Clearing house for critical research

January 10, 1997

Globalisation - the movement to trans-state relations is being tracked by a new web site, John Davies reports

Peter Taylor is accustomed to crossing borders. He was a member of an international commission on the social sciences that recommended that the boundaries between disciplines such as history, politics, sociology and anthropology might be dissolved or redrawn.

Taylor was the only British academic on the commission, which was funded by the Lisbon-based Gulbenkian foundation and reported last year. In his own discipline of geography it is globalisation - the disappearance of borders, to put it another way - that is one of his main concerns.

So it is perhaps no surprise that he is the driving force behind a new initiative at Loughborough University, where he moved to become professor of geography in 1995 - an initiative whose aim is to collect information "that is not defined by political boundaries" and put it on the World Wide Web.

Under the motto "Beyond state-istics" and a logo representing a map of Antarctica, the only continent without state boundaries, the Global Observatory, as the web site is called, hopes to fill a gap.

"Globalisation is supposedly transcending states, yet information is still collected state by state, even if it ends up in a United Nations annual handbook," says Professor Taylor, who has been helped in setting up the observatory by David Walker, a senior lecturer in his department. If, for instance, one is looking at one of Professor Taylor's particular interests, the connections between "global cities" such as London, Tokyo and New York, there is a lot missing. "We know a lot about relations between Britain and France, for instance, but not about relations between London and Paris. There are airline schedules and train timetables but not much else," he observes.

"Data deficiency" is one of the premises on which the Global Observatory is based, and which it hopes to remedy. The initial premise, spelled out on its introductory home page, is that globalisation is a reality; that "contemporary social change is proceeding at an unprecedented rate and key processes behind it are operating at a global scale and are fundamentally trans-state in nature."

"Much of the literature is about whether it (globalisation) exists," says Professor Taylor. "There is a strong version which effectively says the global is dominating, and it's very fatalistic - there's not much you can do about it except ride the wave, as it were. But there are a whole series of people who are looking at resistances and adaptions. The contest is between Americanisation or consumerisation and the clear resistances to that. I'm not just thinking of France and its policies on entertainment and so on, but all the nationalisms there are - all these people calling out anti-American slogans wearing blue jeans. That's the paradox of it, isn't it?" There is a third premise behind the Loughborough venture: the "organisation lacuna" that Professor Taylor and his colleagues detect. In other words there is a need for somebody or some institution to pull together what is already known about globalisation trends. To quote the relevant Global Observatory page: "There has been no centre acting as a clearing house for the critical research issues that arise from the mismatch between a trans-state world and state-based data . . . Our mission is to provide a service to the worldwide social science community as the centre with information about access to trans-state data."

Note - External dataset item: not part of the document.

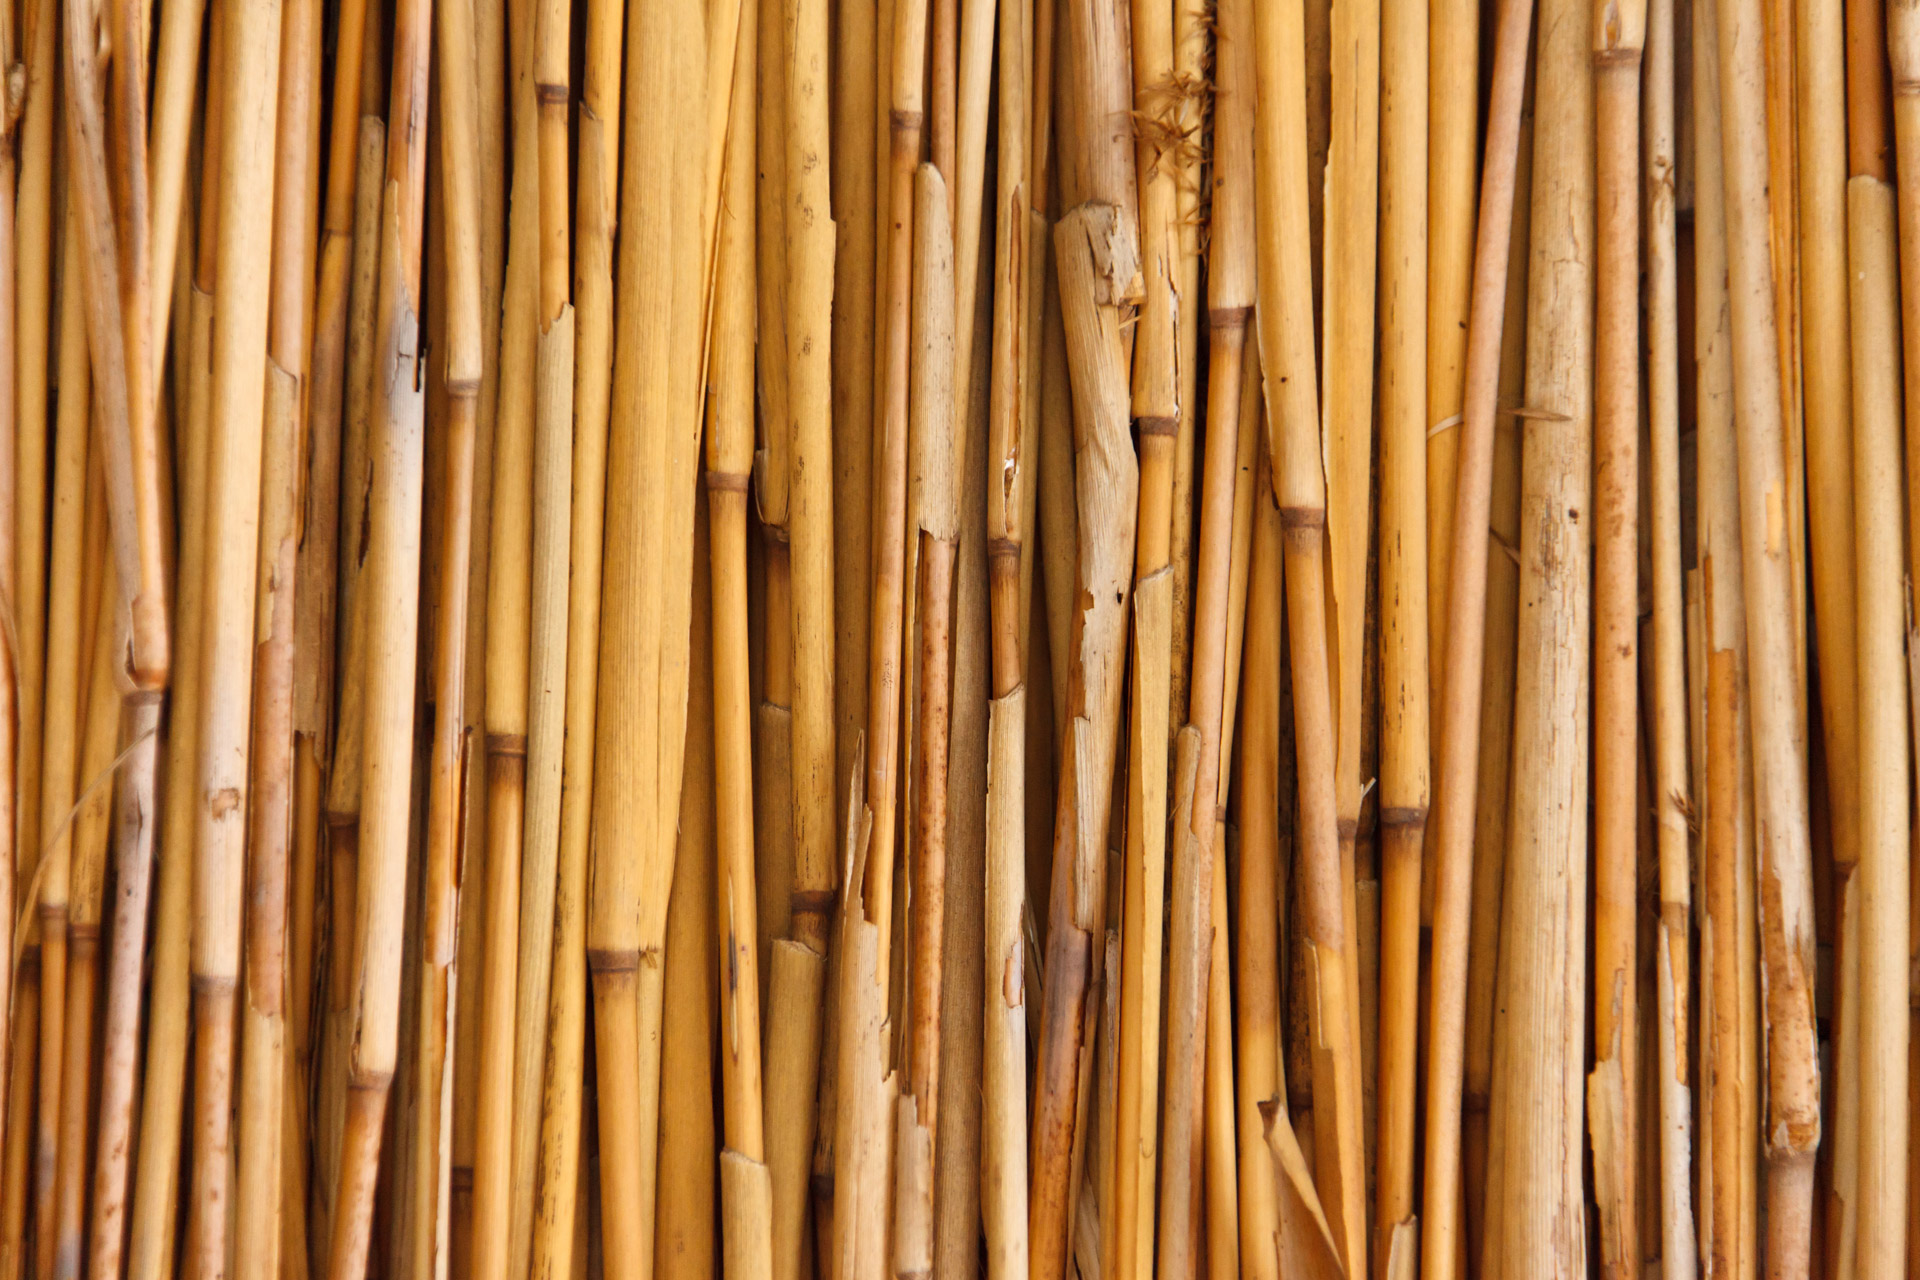 Bamboo Texture Photo Background

This clearing-house function seems the most apparent at the current stage in the Global Observatory's development. Call up its pages on economic refugees and you'll find a directory of the relevant web sites - from a Michigan State University migrant labour database to University College London's migration research unit - a bibliography and a list of key texts. Whatever page you're on will have "linked topic" signposts to guide you elsewhere. As David Robinson, the research assistant who was responsible for the nuts and bolts of the project's first six months, puts it: "For any page that anyone might enter through using a web search tool, we've ensured there's always a way to move on."

This wasn't always the case: when some 40-plus users from all over the world accessed the observatory's economic refugees page on one day in July - Professor Robinson still isn't sure why - there weren't the necessary cross-references. "If this page was the first thing they saw," says Professor Robinson, "they'd go 'What is this thing, why am I in here?' There was no obvious link anywhere. So I've made sure every single page now has a link."

Which is where it will also come in handy for students. As an experiment, first-year geography students at Loughborough were introduced to the observatory and encouraged to use it as a resource in the various areas where globalisation is an issue. Now the university has provided funds for a research assistant to develop the observatory as a teaching resource.

Nevertheless, the Global Observatory is still more a building site than a fully formed edifice. Some of its pages are "rather empty", Professor Taylor admits: "The environmental side is less developed than some of the others."

While his ultimate ambition is to have a "web of topics" on globalisation issues from deforestation to multinational media corporations, "raw" data are not what you'll find. After the six months' initial funding provided by Loughborough ran out development slowed. "Peter and I will be updating the pages in the odd half-hour that we have,"Professor Walker says: "Some of the people we've applied to for further funding say we can't really call a data collecting exercise a research project. "So perhaps the next step is to spin a research project off."